In case you flow by a time independent vector field $X$ the infinitesimal version of this is:

$\mathcal{L}_X\omega = \frac{d}{d t}\Phi_t ^*\omega |_{t=0}=0$

As mentioned in the comments to check this the most convenient way is to use Cartan's formula. However, if you really intend to do it in coordinates that is also perfectly fine, just a little more to write.

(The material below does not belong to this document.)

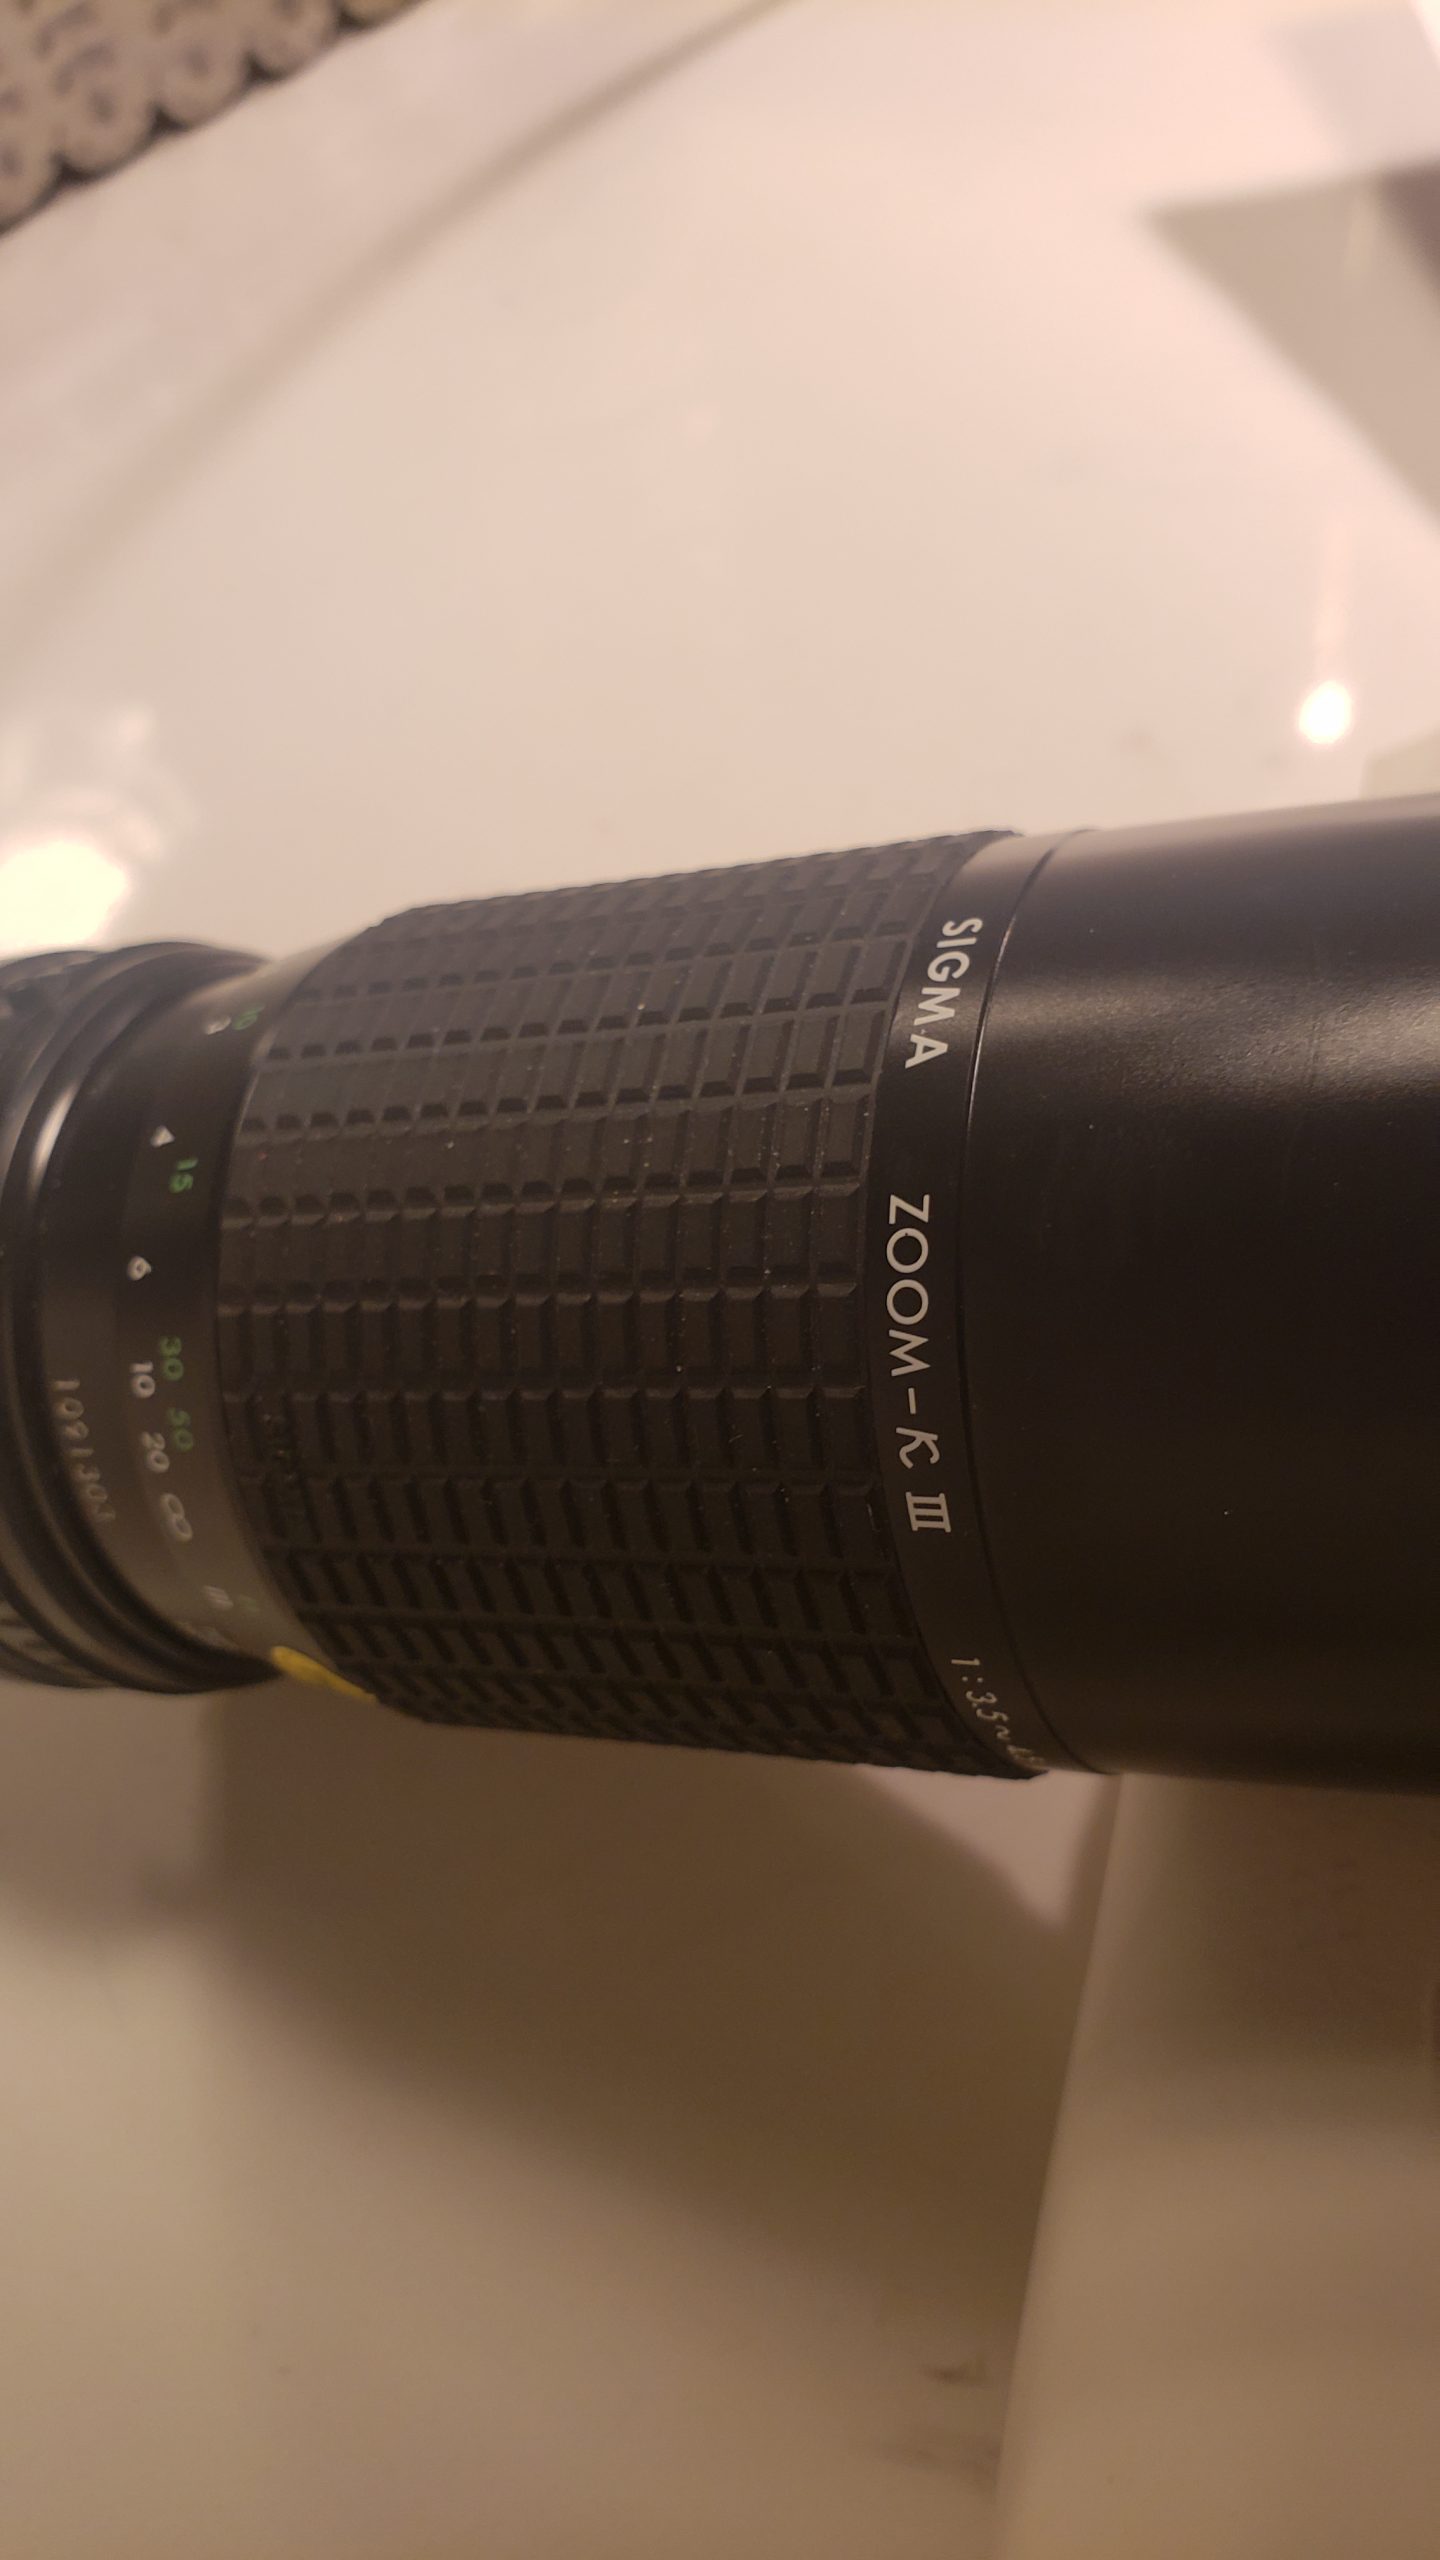 Hoya brand single vision stock lenses
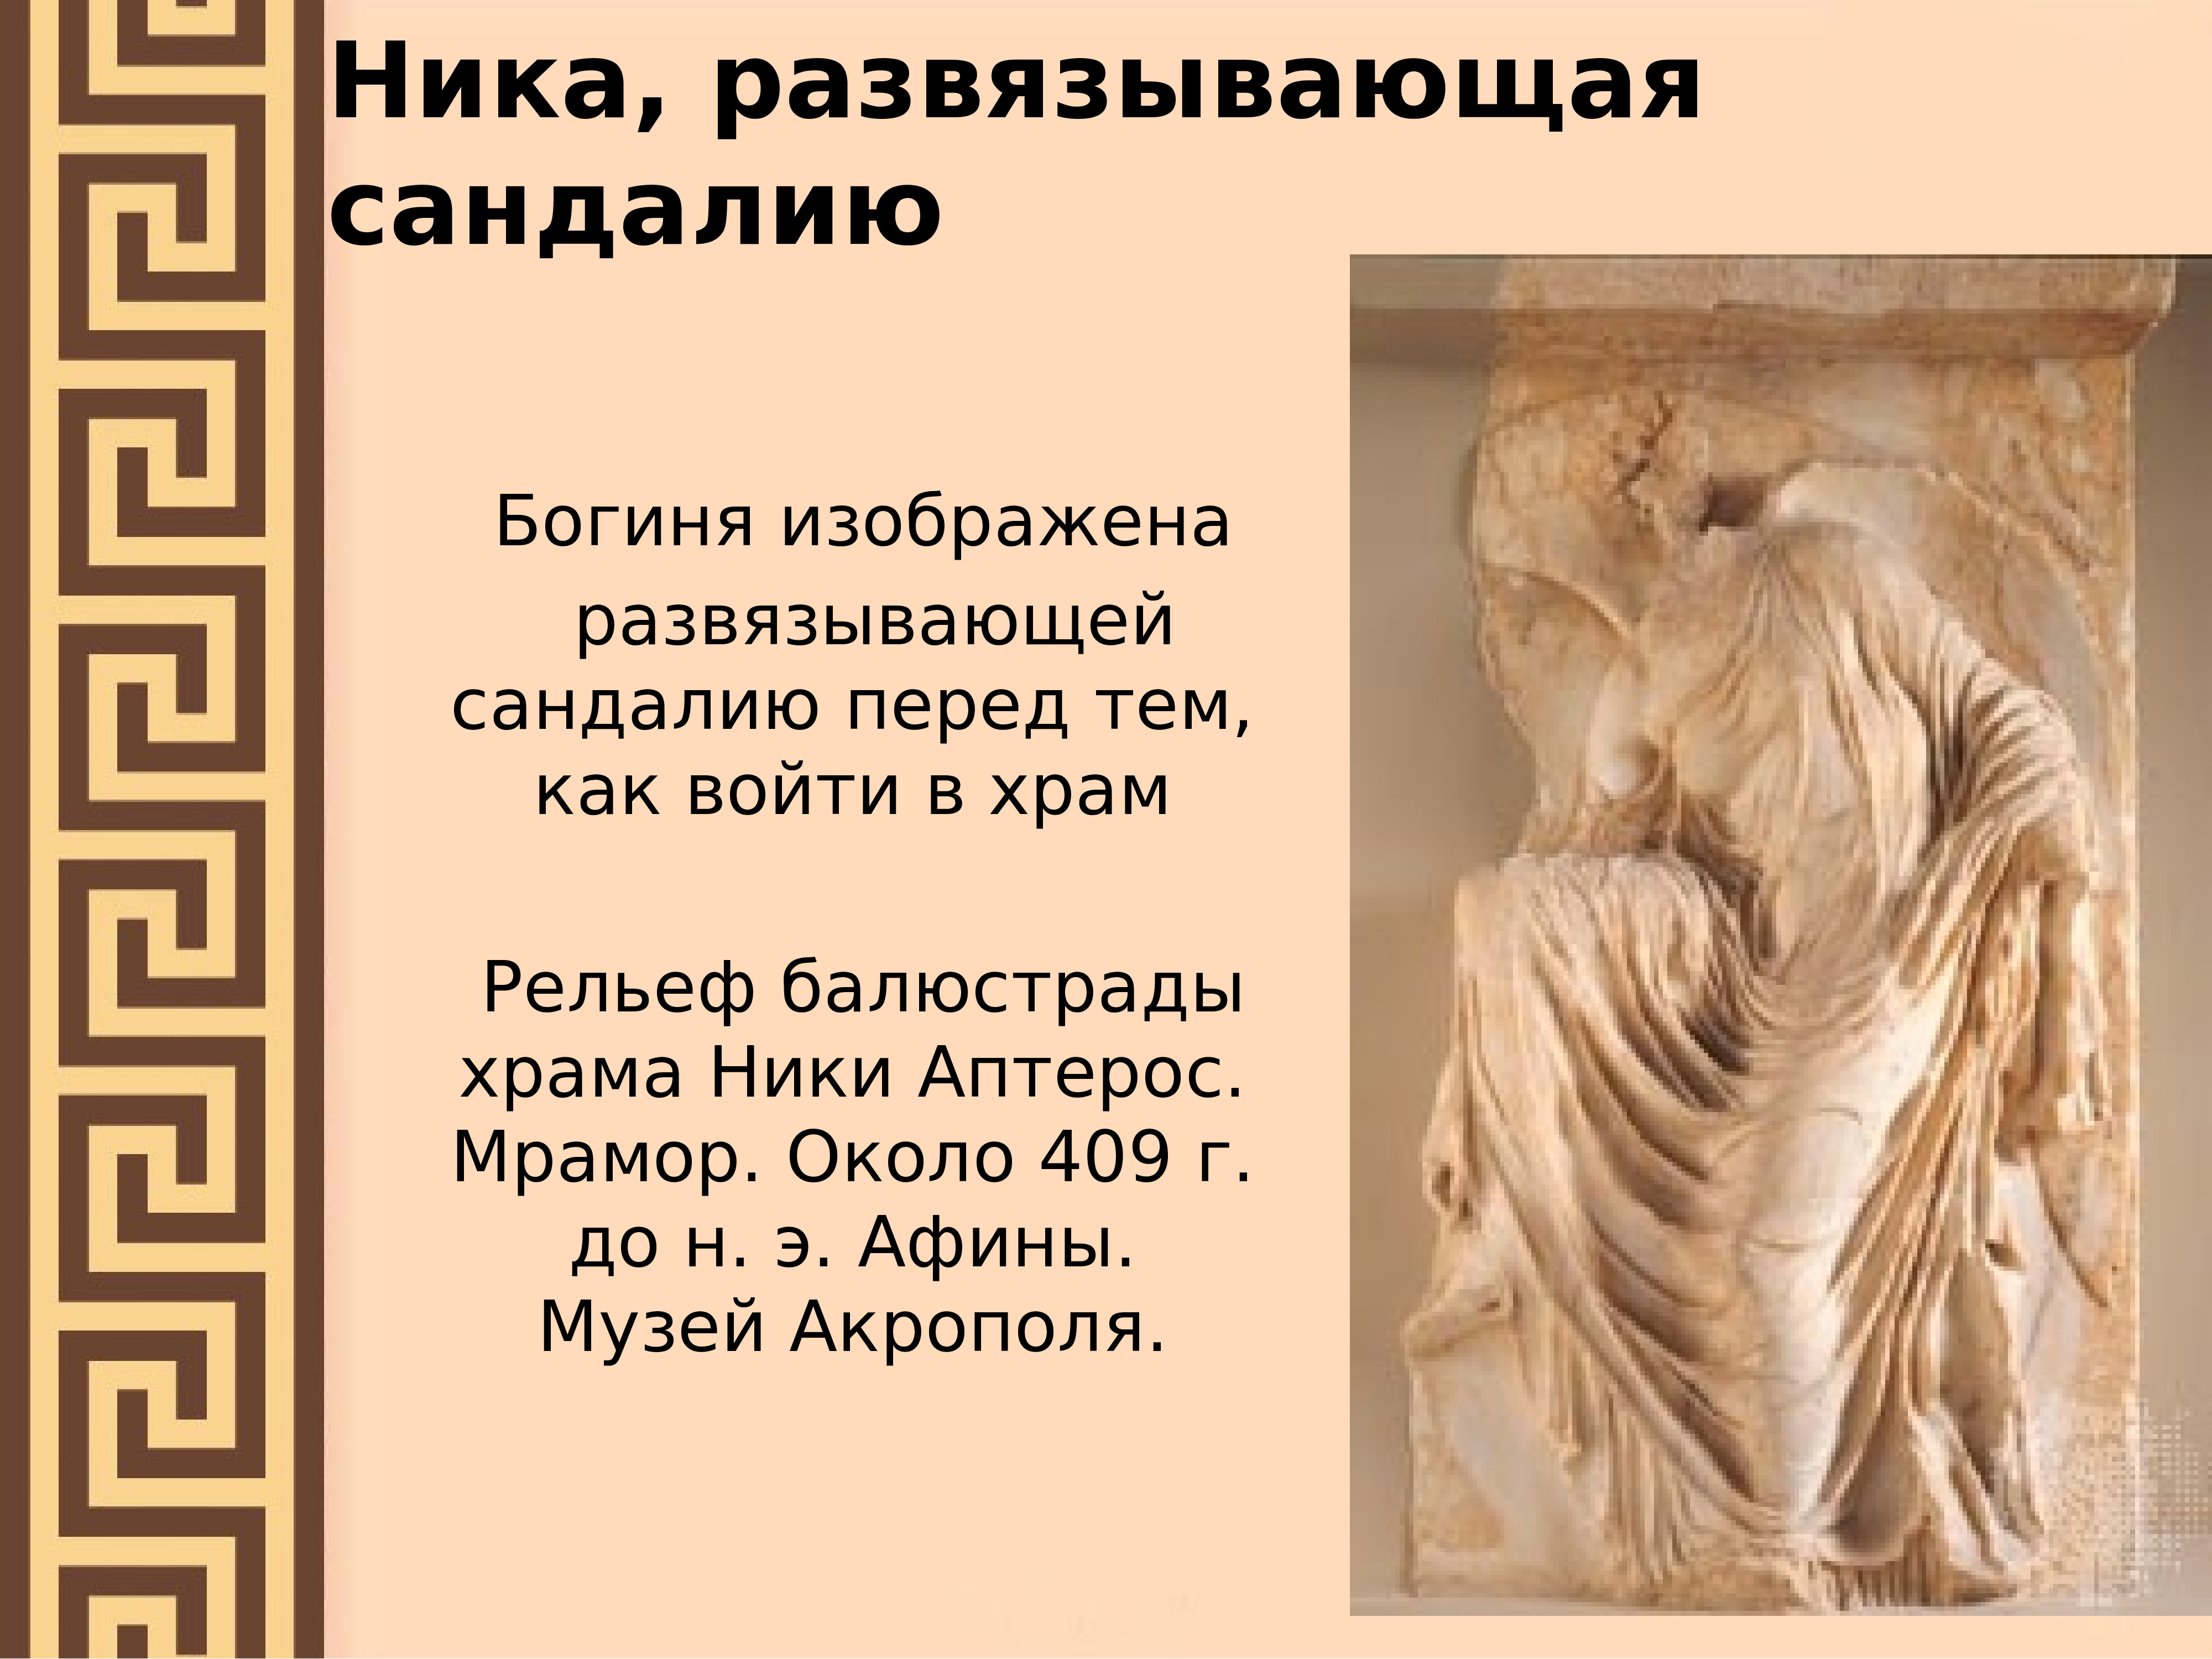 Искусство и досуг древней греции презентация. Рельеф балюстрады Ники Аптерос.

We obtain:

$\Phi_t ^*\omega= (\partial_x x(t) \partial_{\xi}\xi(t) -\partial_{\xi}x(t)\partial_x \xi(t))dx\wedge d\xi$

Now takeing the time derivative yields, we obtain using the product rule, the fact that $\Phi_0=id$ and the Hamiltonian equations:

$\frac{d}{d t}\Phi_t ^*\omega |_{t=0}=\partial_{x}\dot x(0)+\partial_{\xi} \dot \xi (0)=0$

Answer 2

Let $M$ be a simplectic manifold - that is a manifold with a smoothly varying antisymmetric $2$-form $w$ on its tangent bundles, satisfying:

1. $w$ is non-degenerate everywhere,
2. $dw=0$.

The first condition above gives us an isomorphism ${}^*\colon T^*_xM\cong T_xM$. So for any smooth function $H\colon M\to \mathbb{R}$, we can map the cotangent field $\nabla H$ to a tangent vector field $(\nabla H)^*$. We can then consider the resulting flow $f: M\times \mathbb{R}\to M$, which at time $t=0$ is the identity, and for any fixed point has time derivative $(\nabla H)^*$.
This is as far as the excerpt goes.